Last month a court in Dortmund heard arguments in Jabir and others v. KiK Textilien und Non-Food GmbH.  It is a case brought against a German retailer, under English law principles of tort in relation to a fire at the factory of a supplier in Pakistan.  This post explains what the case is about and what it might mean for European companies with suppliers in common law countries like Pakistan and Bangladesh.

Outline of the facts

In 2015 four Pakistani nationals brought claims in Germany against German retailer KiK Textilien und Non-Food GmbH (“KiK”). The claimants seek damages for personal injury and death resulting from a catastrophic fire in 2012 at the Karachi factory of KiK’s supplier, Ali Enterprises (“Ali”).  The fire claimed 260 lives and injured a further 32. KiK was Ali’s main customer at the time, utilising around 75% of the Baldia factory’s production capacity.

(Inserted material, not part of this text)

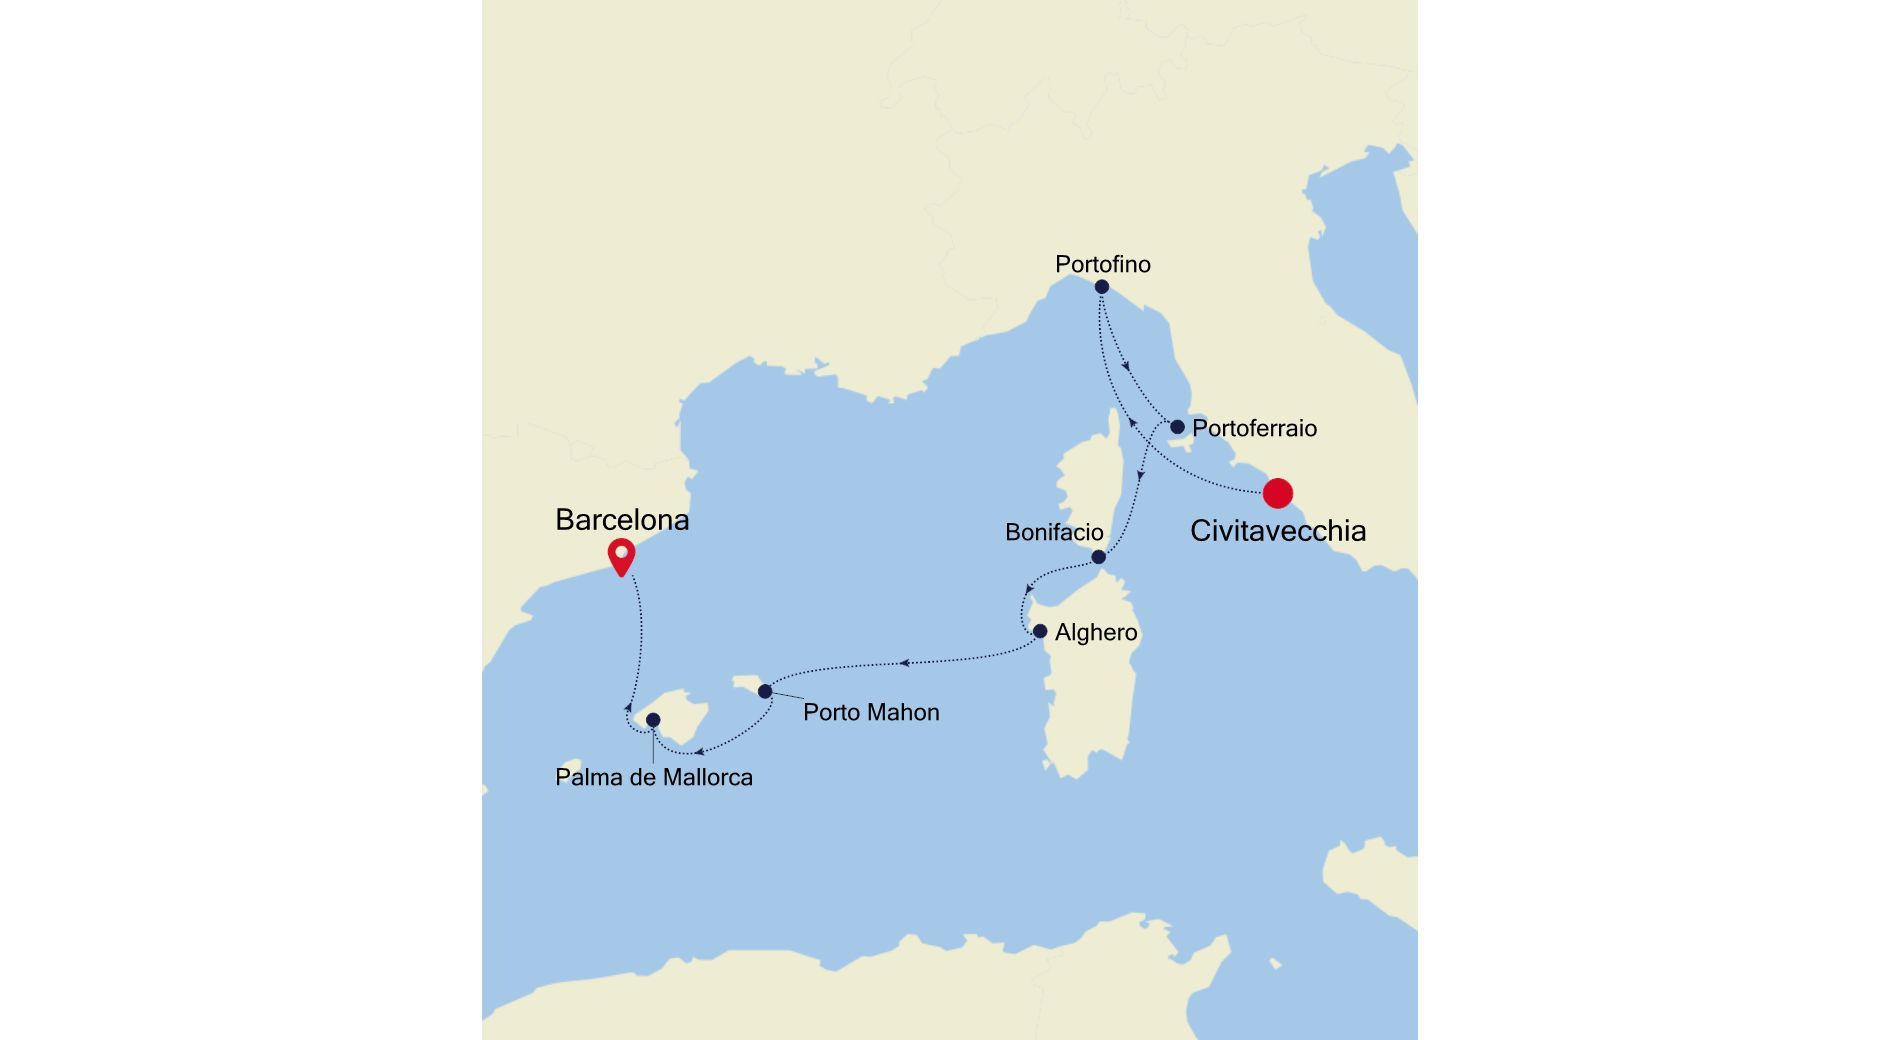 SS210517007 - Civitavecchia to Barcelona
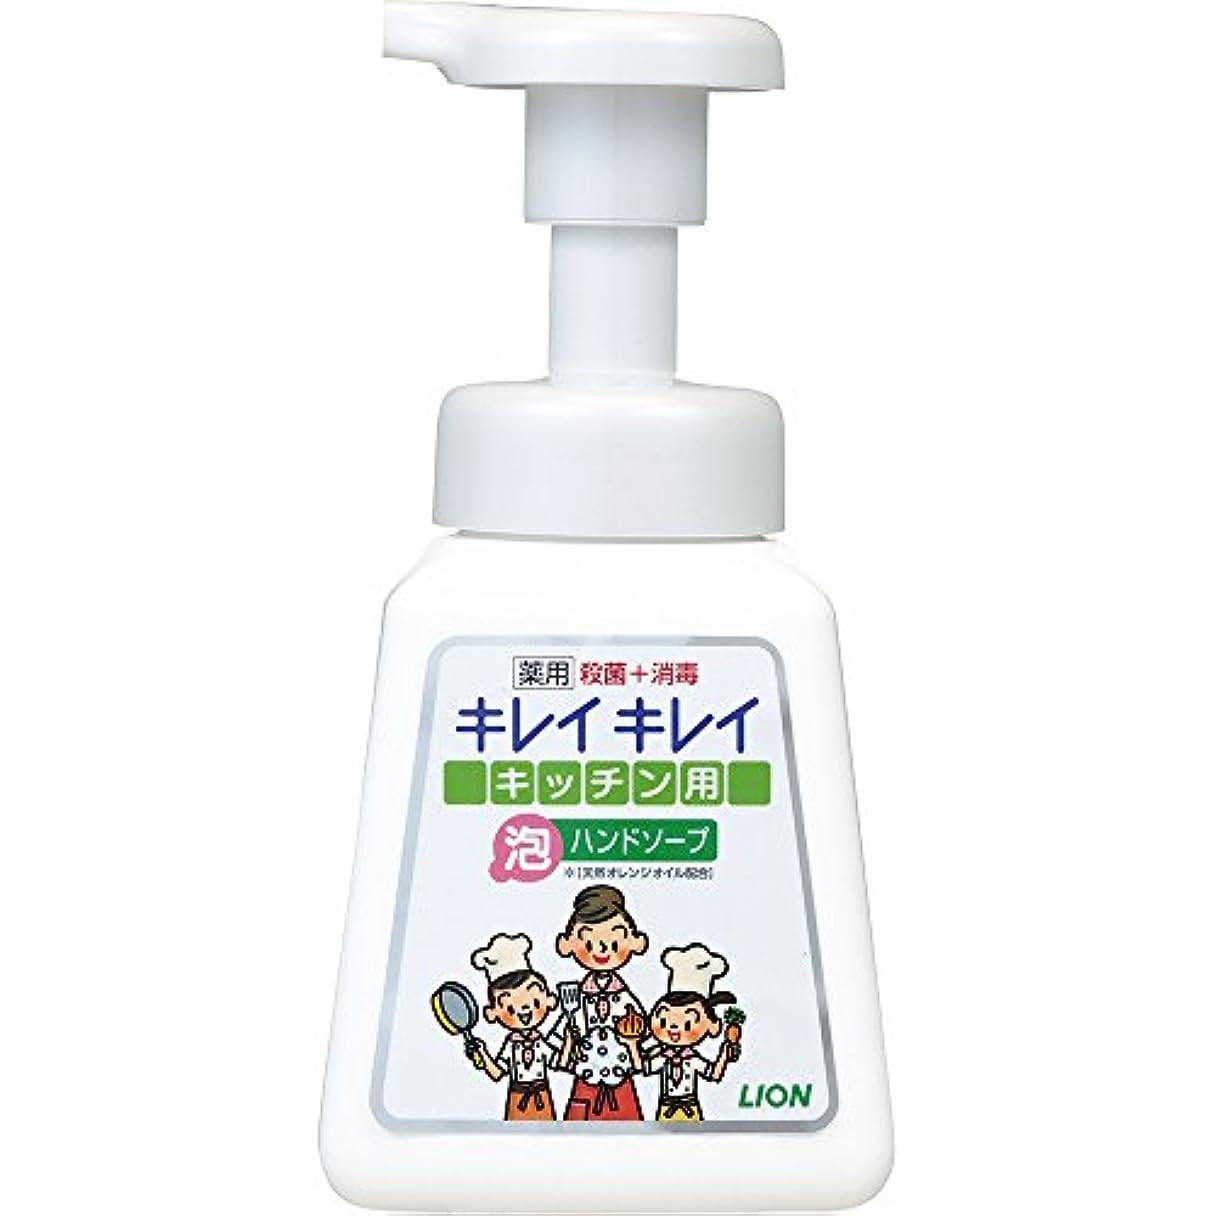 合金バター減衰キレイキレイ 薬用 キッチン泡ハンドソープ 本体ポンプ 230ml(医薬部外品)

In September 2016, the Dortmund court accepted jurisdiction and granted the claimants legal aid. The case is currently pending before the Regional Court (Landgericht) of Dortmund. This is the first case of its kind in Germany, concerning damages claims based on the liability of a transnational company for human rights violations abroad.

German courts bound to apply Pakistani law

Under the Rome II Regulation, the law applicable to compensation claims arising out of a tort or delict is the law of the country in which the damage occurred, i.e. Pakistan.  Pakistani tort law is based on English common law so, if the case proceeds to a trial on the merits, we will have the unusual situation of a German court deciding a case based on the English common law of negligence.  This is all the more remarkable given that the English courts have never before attributed liability to a purchaser company for human rights impacts in its supply chain.

Claimants’ argument: voluntary assumption of responsibility for safe working conditions at supplier’s factory [1]

The law does not necessarily impose a duty on a purchaser company to prevent adverse human rights impacts in its supply chain.  However, a duty can be voluntarily assumed.  In KiK, the claimants contend that KiK owed them a duty of care to procure a healthy and safe working environment and breached this duty by failing to do its share to prevent the fire, and the resulting harm.  The claimants argue that the number of factory workers killed and injured was exacerbated by insufficient fire safety conditions at the premises, including a lack of fire alarms and extinguishers, closed emergency exits and barred windows. According to the claimants, KiK contributed to this situation by failing to enforce adequate health and safety standards at the factory.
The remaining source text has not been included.